Please use the below sample code to obtain a searchable PDF as an output:

// C# Code
var api = new OCR.AsposeOcr();

var settings = new OCR.DocumentRecognitionSettings();
settings.StartPage = 1;
settings.PagesNumber = 1;
settings.DetectAreas = true;
settings.DetectAreasMode = OCR.DetectAreasMode.COMBINE;
settings.ThreadsCount = 1;

var res = api.RecognizePdf(dataDir + "multi_page_1.pdf", settings);

OCR.AsposeOcr.SaveMultipageDocument(dataDir + "test2.pdf", OCR.SaveFormat.Pdf, res);

Also, you should have minimum 4.6.1 .NET Framework version to use the API under .NET Framework.

I have used the code you specified and it is not recognizing all of the text. I have attached the sample pdf I’m using. Please test with it.

Nothing is recogized on the first page. The second page already has a couple of lines of searchable text but after conversion the original searchable text is missing and the rest of the page has only some text converted to searchable.

Can you advise on how to get this to work?File1.PDF (443.6 KB)

@mrs99mrs99

Please check the below code snippet that we used for testing and attached output PDF that was generated at our end:

var api = new OCR.AsposeOcr();

var settings = new OCR.DocumentRecognitionSettings();
settings.StartPage = 0;
settings.PagesNumber = 6;
//settings.LinesFiltration = true;
settings.DetectAreas = true;
settings.DetectAreasMode = OCR.DetectAreasMode.COMBINE;
settings.ThreadsCount = 1;

var res = api.RecognizePdf(dataDir + "File1.pdf", settings);

OCR.AsposeOcr.SaveMultipageDocument(dataDir + "File1_OCRd.pdf", OCR.SaveFormat.Pdf, res);

File1_OCRd.pdf (6.4 MB)

You can please select the text from all pages of the attached file and paste it in a Notepad file to check the results of OCR. Please let us know in case you notice any issues.

This is the same code given to us 3 days ago which does not work. What is the difference? I looked at the file (File1_OCRd.pdf) that you send back and it’s not recognizing all of the text. The first work “Document” is only partially recognized. There is searchable text on the original form that is missing on the file you sent back. First name, last name, social security number etc… are all missing on the pdf you sent back.
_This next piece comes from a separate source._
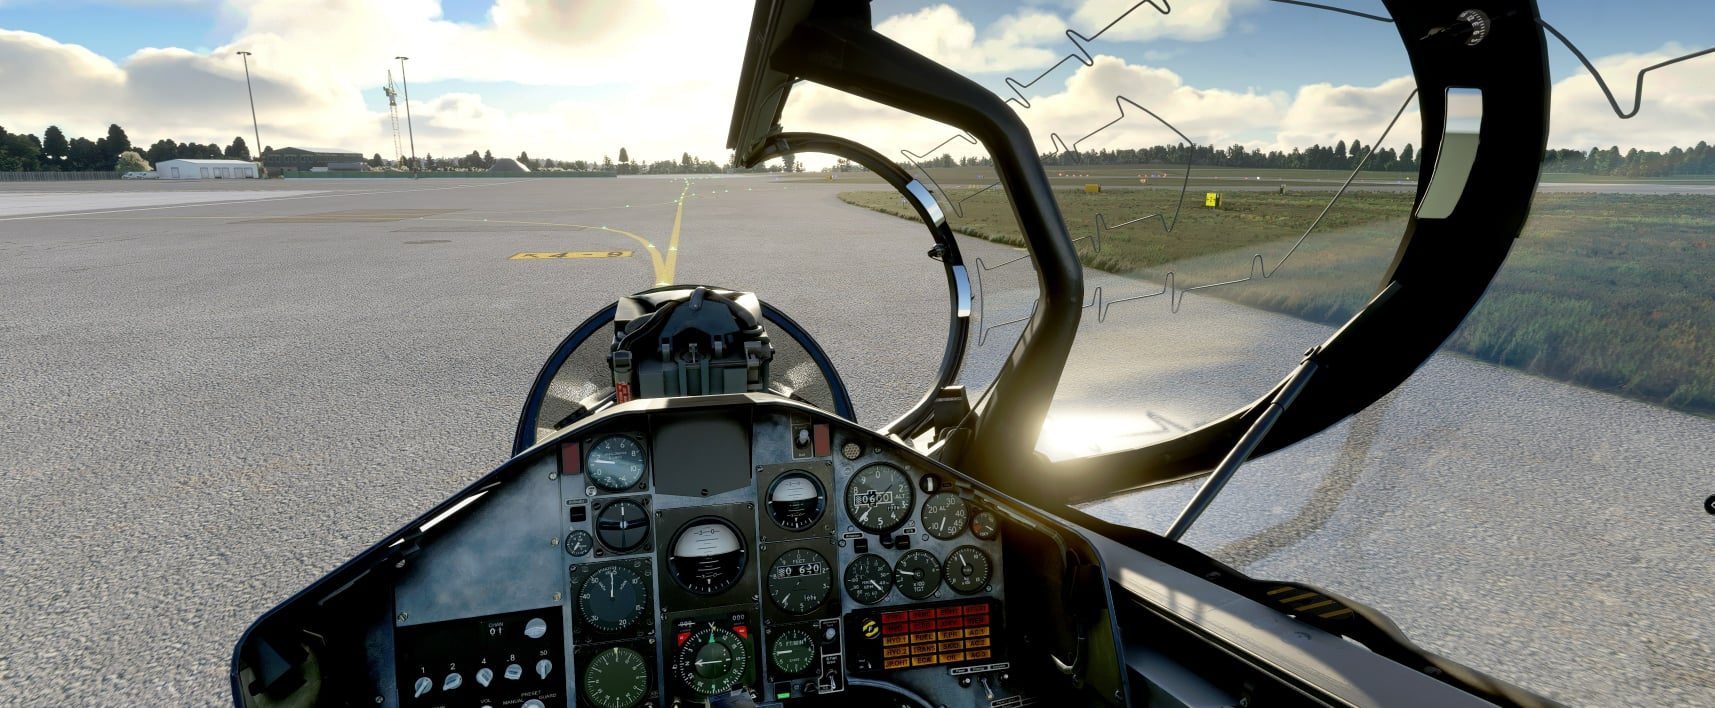 microsoft-flight-simulator-hawk-t1-8-3395062

Please advise of Aspose can create a valid searchable pdf.

This web page from Aspose is working. Do you have the code for this?

https://products.aspose.app/pdf/make-pdf-searchable

@mrs99mrs99

We are checking the scenario and will get back to you shortly.

@mrs99mrs99

In web applications (https://products.aspose.app/pdf/make-pdf-searchable), we use Aspose.OCR Cloud API and in Cloud API, we use more hard decisions to parse PDF files. Unfortunately, we cannot do this in the downloadable version. At this moment, we can extract only text from the image (scanned PDF). The searchable text from PDF must be extracted using Aspose.PDF or other tools. We apologize for the inconvenience.